A mortgage loan implies borrowing money from the bank for financing the purchase of a property. The borrowings are then returned back to the lender along with interest accrued over a fixed period of time. Depending on the amount of loan, the lender will usually keep security to cover against defaults in payment of Mortgage loan installments. In UK mortgages are issued for a period of 25 years or more.

There are many different kinds of mortgages. The mortgage with the lowest interest rate might not be the best suited for you. To compare different Mortgage types view the factors below.

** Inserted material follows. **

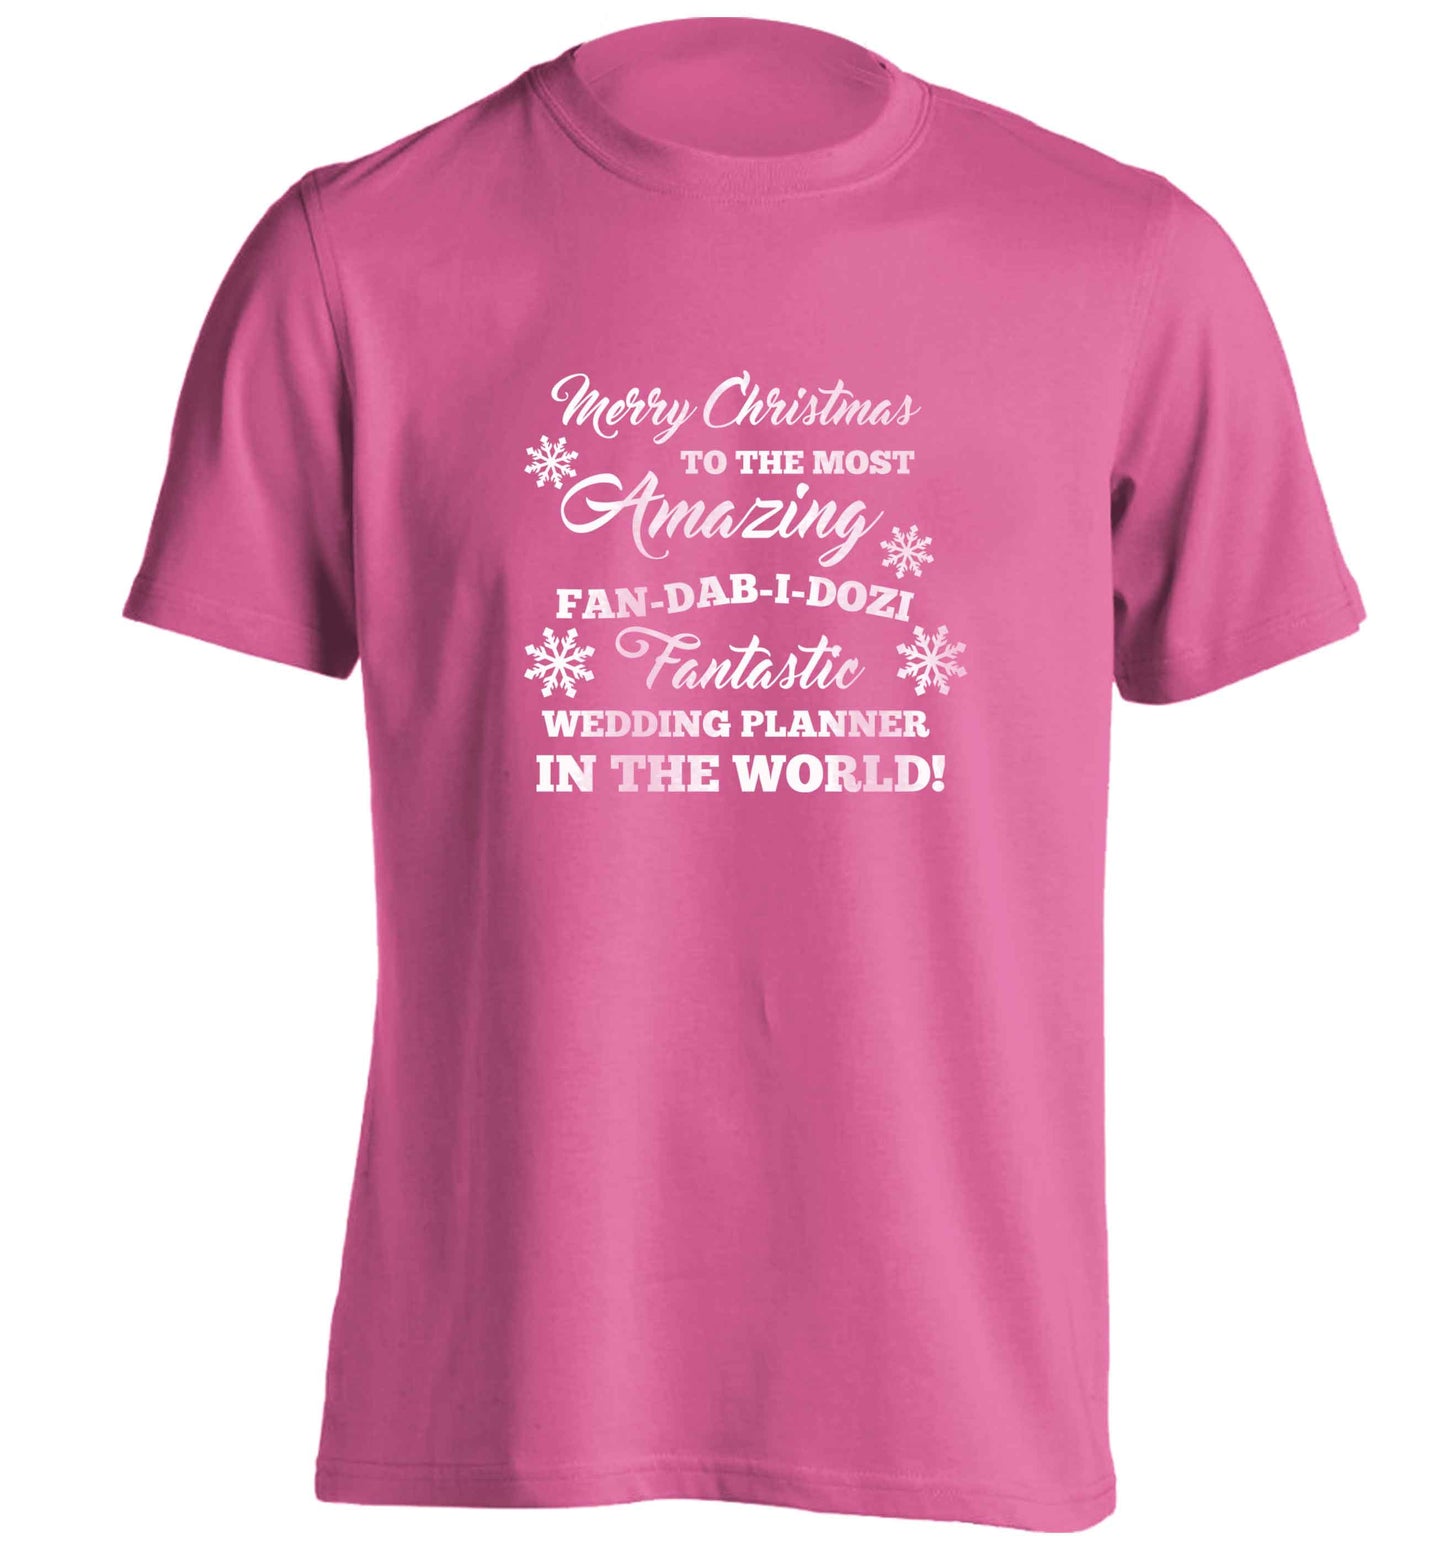 Merry Christmas to the most amazing fan-dab-i-dozi fantasic wedding planner in the world adults unisex pink Tshirt 2XL

Mortgage Factors to be considered while choosing a Mortgage deal
  • One of the important factors which require consideration is how much can you afford to pay monthly as Mortgage installment. You need to consider whether you would be able pay installments on time (factor in contingencies such as loosing your job or inability of working). You also need to consider insuring yourself against any unexpected eventualities

  • Compare a fixed rate loan with a variable rate loans and consider the pros and corns of both the deals. For example you might choose to opt for a fixed rate loan as you wish to know your liabilities well in advance. However if interest rates are expected to fall in the near future variable rate Mortgage would be a better choice

  • Once you have thought upon about the various Mortgage Deals available and know which type of mortgage loan you can afford you can commence finding properties that fit your budget. Also, obtain an agreement from your mortgage lender assuring your mortgage deal.